El corazón del problema es estructural. El software tradicional se vendía por asientos, licencias o suscripción plana. La IA, en cambio, se consume en unidades variables: tokens procesados, llamadas a API, ejecuciones de modelos. Ese consumo no solo es variable; es intermitente, con picos y valles difíciles de predecir. Pretender que un sistema antiguo de billing capture eso sin pérdidas es como usar una caja registradora para medir electricidad.
TheStreet describe un caso concreto que ilustra la fuga de ingresos: un CFO descubrió que su sistema solo registraba el uso el día del ciclo de facturación. Si un cliente subía de nivel a mitad de mes y bajaba antes del día de cobro, el pico desaparecía. El propio CFO lo dijo con crudeza: “Solo cobro lo que estaba en la fecha del ciclo de facturación. Me perdí el pico. Perdí ese dinero.”
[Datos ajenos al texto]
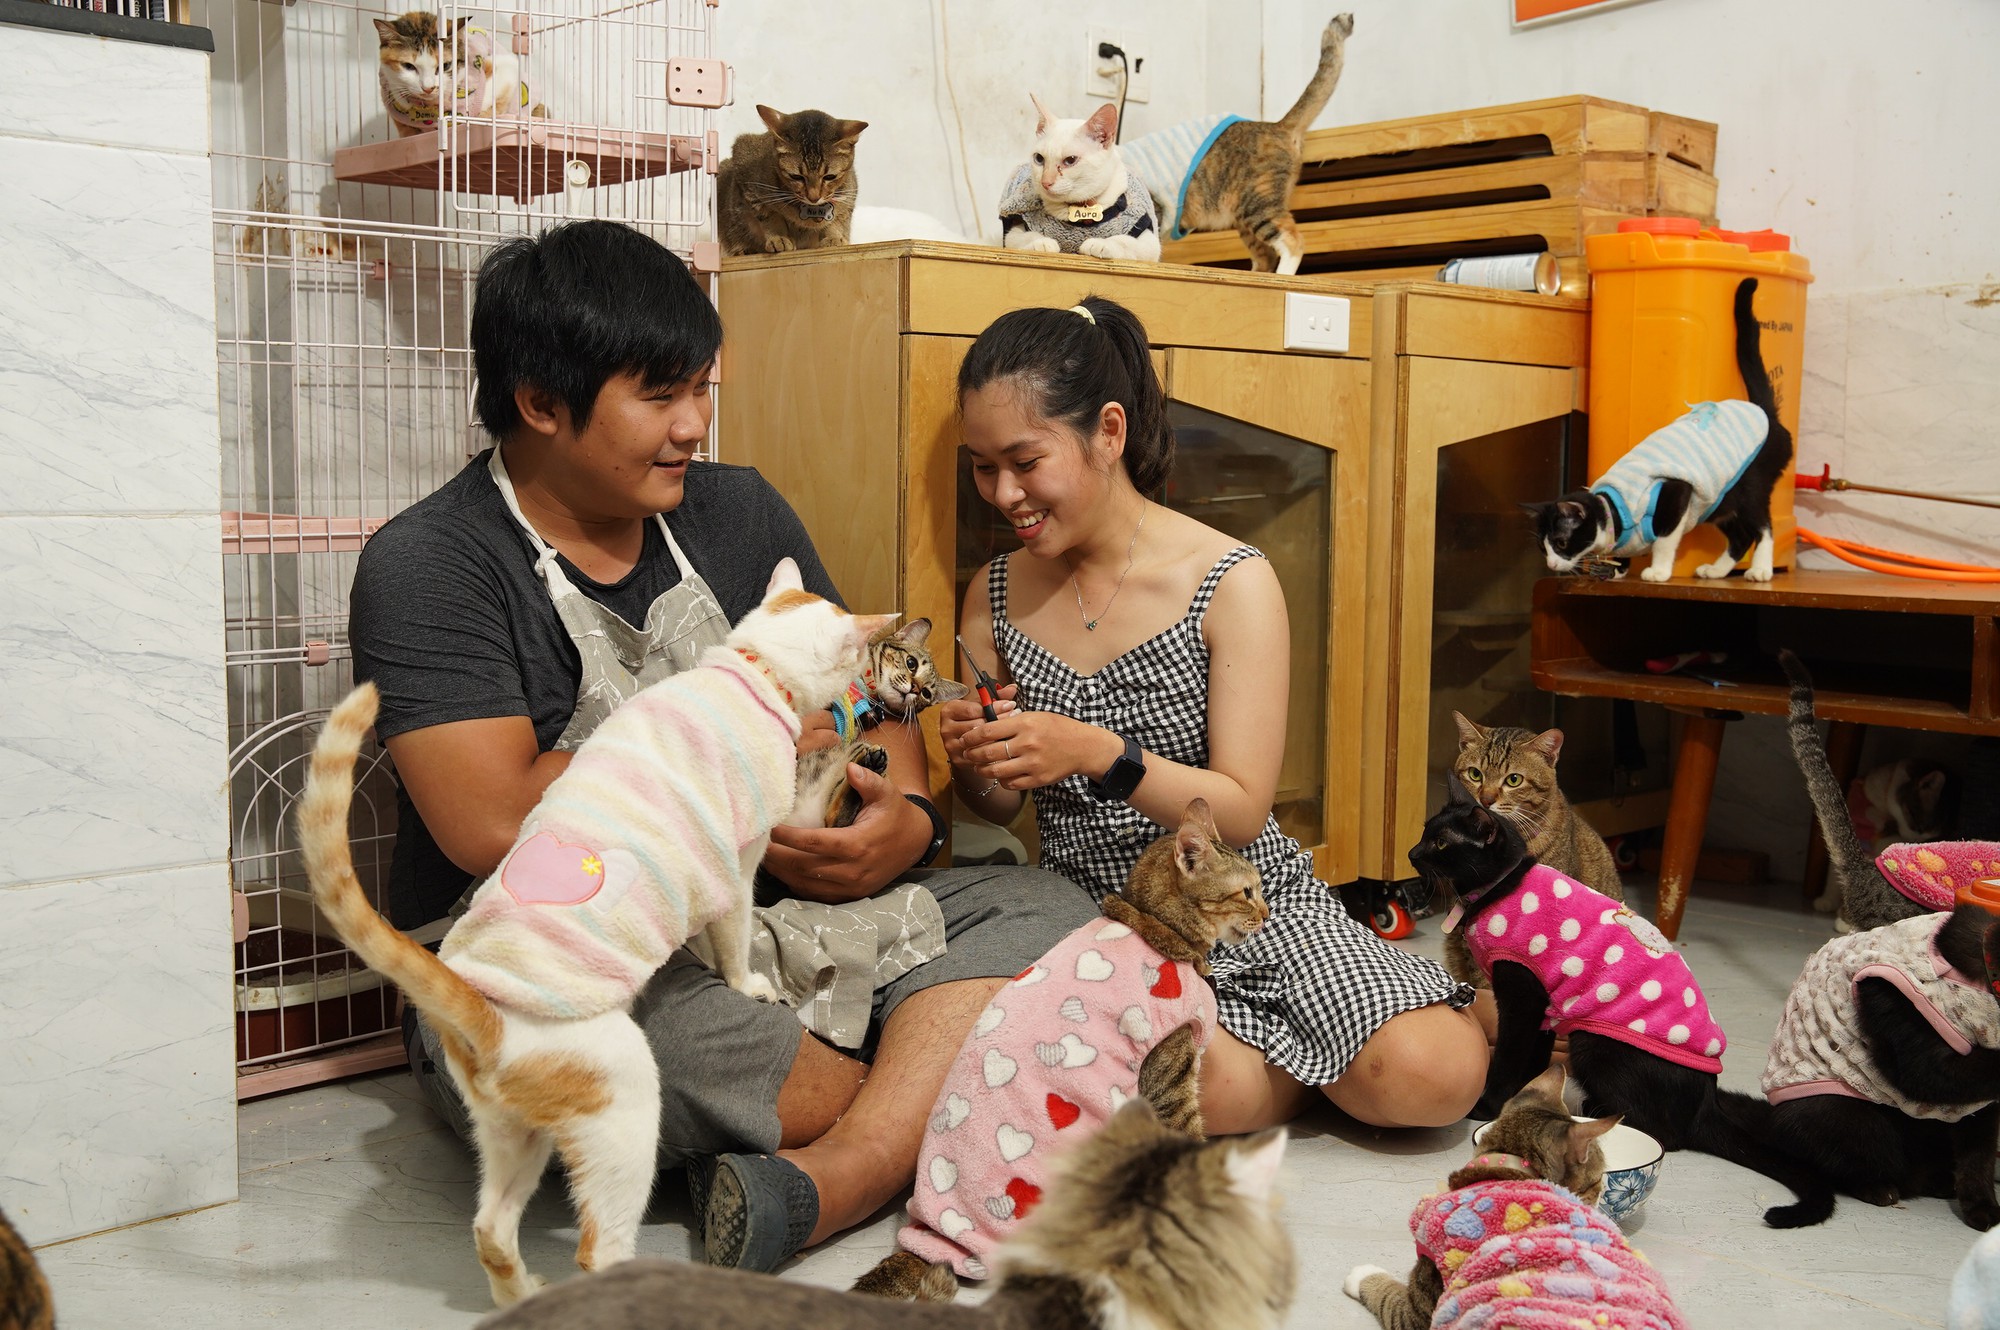 Đôi bạn trẻ dành hết số tiền cưới để thành lập trạm cứu hộ cho những chú mèo hoang - Ảnh 1.

Ese ejemplo expone un patrón mayor: la economía de la IA castiga a la empresa que no mide con precisión. Aparecen brechas de tracking, conciliaciones manuales con hojas de cálculo y facturas armadas a mano. Todo eso funciona cuando hay pocos clientes y el volumen es bajo; colapsa cuando el producto escala.
La fuga de ingresos no es un evento; es un goteo. Y un goteo, en un modelo de consumo, se multiplica. La empresa no solo deja dinero sobre la mesa; también queda ciega para decidir precios. Si no se captura el uso real, el equipo directivo termina gestionando una ilusión: cree que el producto vale X, cuando el comportamiento del cliente está diciendo Y.
Desde la psicología del cliente, además, esto es una bomba de confianza. Un sistema de facturación que no entiende el consumo produce dos riesgos simétricos: subcobrar y regalar valor, o sobrecobrar y activar conflicto. En ambos casos se erosiona la relación comercial. La IA promete precisión; una factura errática comunica desorden.
La transformación que sí paga: rediseñar decisiones humanas y el músculo financiero que las monetiza
La noticia deja una lección dura: la IA empresarial está atrapada entre dos mundos. Por arriba, un discurso de innovación. Por abajo, hábitos humanos y sistemas financieros heredados.
Para salir de esa trampa, la estrategia no empieza con el modelo, sino con el comportamiento que se quiere ver en producción. Las compañías que van a capturar valor no serán las que tengan más pilotos, sino las que hagan tres movimientos disciplinados.
Primero, traducir la IA a decisiones concretas, con responsabilidad explícita. Si el output de IA no cambia quién decide, cuándo decide y con qué estándar de validación, el uso quedará en tareas pequeñas. La adopción real ocurre cuando el flujo operativo incorpora la herramienta como parte del “camino por defecto”, y cuando el costo de ignorarla se vuelve mayor que el costo de usarla.
Segundo, reconstruir incentivos para que el empleado no tenga que elegir entre rendimiento personal y adopción. Cuando el sistema recompensa mantener el statu quo, el hábito es racional. La empresa debe crear condiciones donde experimentar sea seguro y donde el error razonable no sea un pasivo individual, sino un costo controlado de aprendizaje.
Tercero, modernizar el billing para el mundo del consumo variable. Si el producto se cobra por uso, la contabilidad debe ver el uso con granularidad y en tiempo real suficiente para no perder picos. Sin esa base, incluso una adopción exitosa se convierte en crecimiento que no se cobra.
La síntesis para el C-Level es incómoda pero operable: el retorno de IA no se desbloquea aumentando potencia de cómputo, sino reduciendo fricción humana y financiera. La tecnología puede brillar, pero el negocio solo gana cuando la organización deja de apostar todo su capital a ese brillo y lo invierte, con disciplina, en apagar los miedos y fricciones que impiden que el usuario adopte y que la empresa capture el valor en la factura.